Hanoi passengers turn their backs on buses as personal vehicles rise

By Doan Loan   July 13, 2016 | 11:40 pm PT
Hanoi passengers turn their backs on buses as personal vehicles rise
Number of people using buses in Hanoi has fallen. Photo by VnExpress
Personal vehicles, poor service quality and congestion are to blame.

The number of people using buses in Hanoi in the first six months of 2016 fell by 5 to 6 percent on-year, according to Nguyen Hoang Hai, director of the city's Public Transport Management and Operation Center.

Hai said the decline was largely attributed to the rise in personal vehicles and increased traffic congestion. 

The city now has more than 5.5 million personal vehicles (nearly 500,000 cars and more than five million motorcycles), Hai said, and on average, over 19,000 new vehicles are registered each month.

Other reasons for the falling demand for buses include lower gasoline prices, which have encouraged many passengers to switch to private vehicles; the appearance of new types of passenger transportation such as Uber and Grab; and students using electric bicycles for short trips.

Transport projects that are currently under construction are also adding to the chaos by slowing down buses and closing bus stops.  

Hai said the service quality does not meet passengers' needs and is reflected by the poor attitude and behavior of some drivers and their assistants.

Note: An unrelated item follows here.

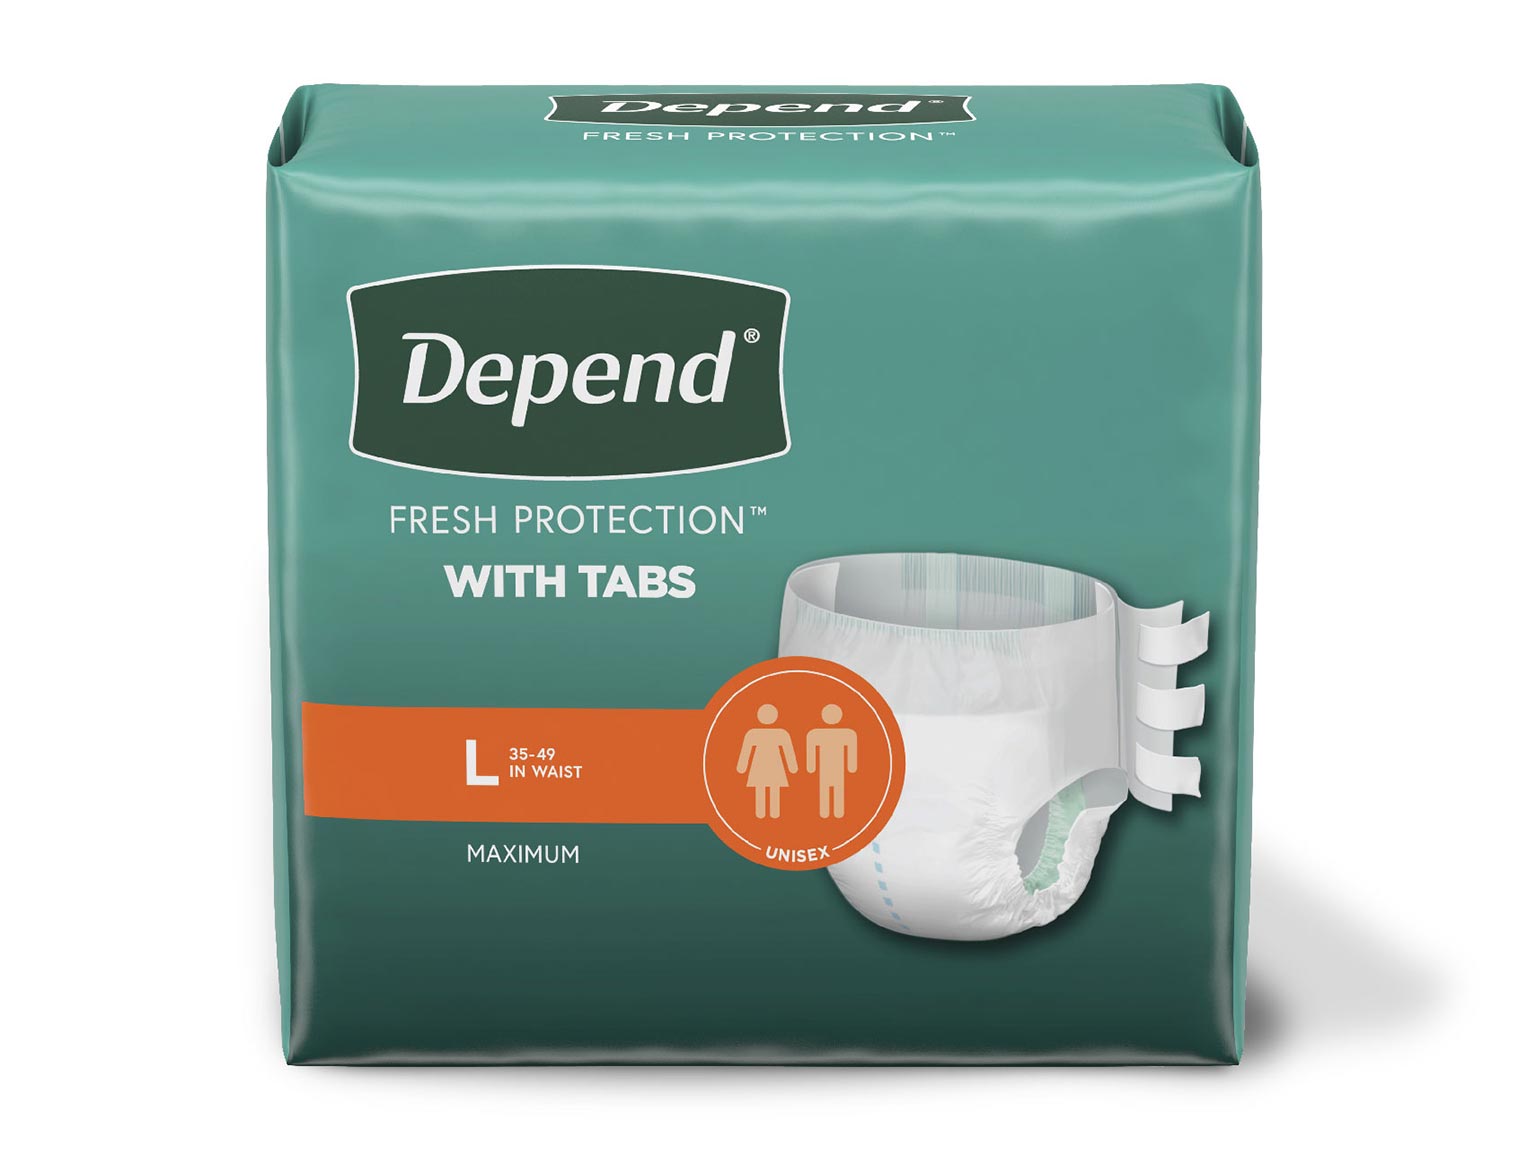 Depend® Night Defense® Underwear for Men- Overnight (S-M/L/XL)
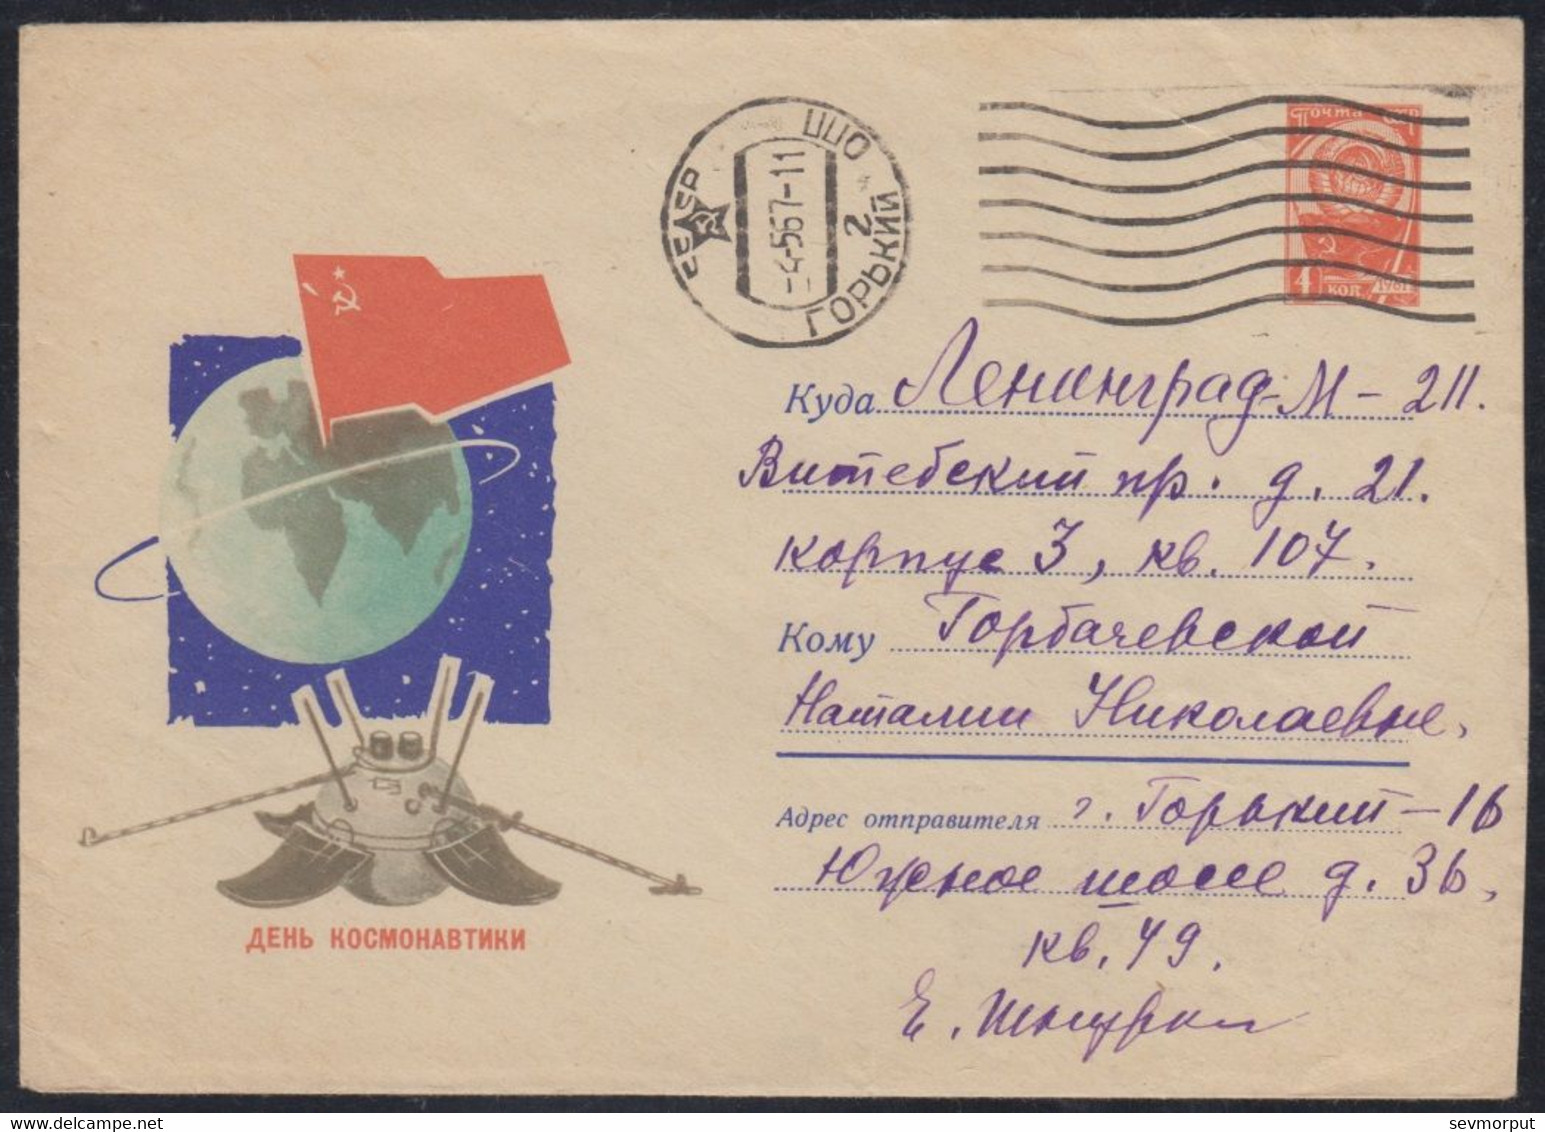 5278 RUSSIA 1967 ENTIER COVER Used SPACE "LUNA-9" AUTOMATIC ESPACE "MOON-9" RADIO TELECOM EARTH GLOBE USSR Mailed 118 - 1960-69

The Public Transport Management and Operation Center is aiming to increase the number of bus routes to serve people in suburban and urban areas.

Many of the capital's infrastructure projects are expected to be completed by the second half of this year, which might improve traffic flow and allow bus stops to reopen.

"To encourage people to take buses, public transport infrastructure should be given priority and sidewalks should be cleared for pedestrians ," said Hai.

Hanoi has 92 bus routes, of which 72 are subsidized, 12 are non-subsidized and 8 run to nearby cities. In 2015, those buses transported 498 million passengers, accounting for 15 percent of total travel demand.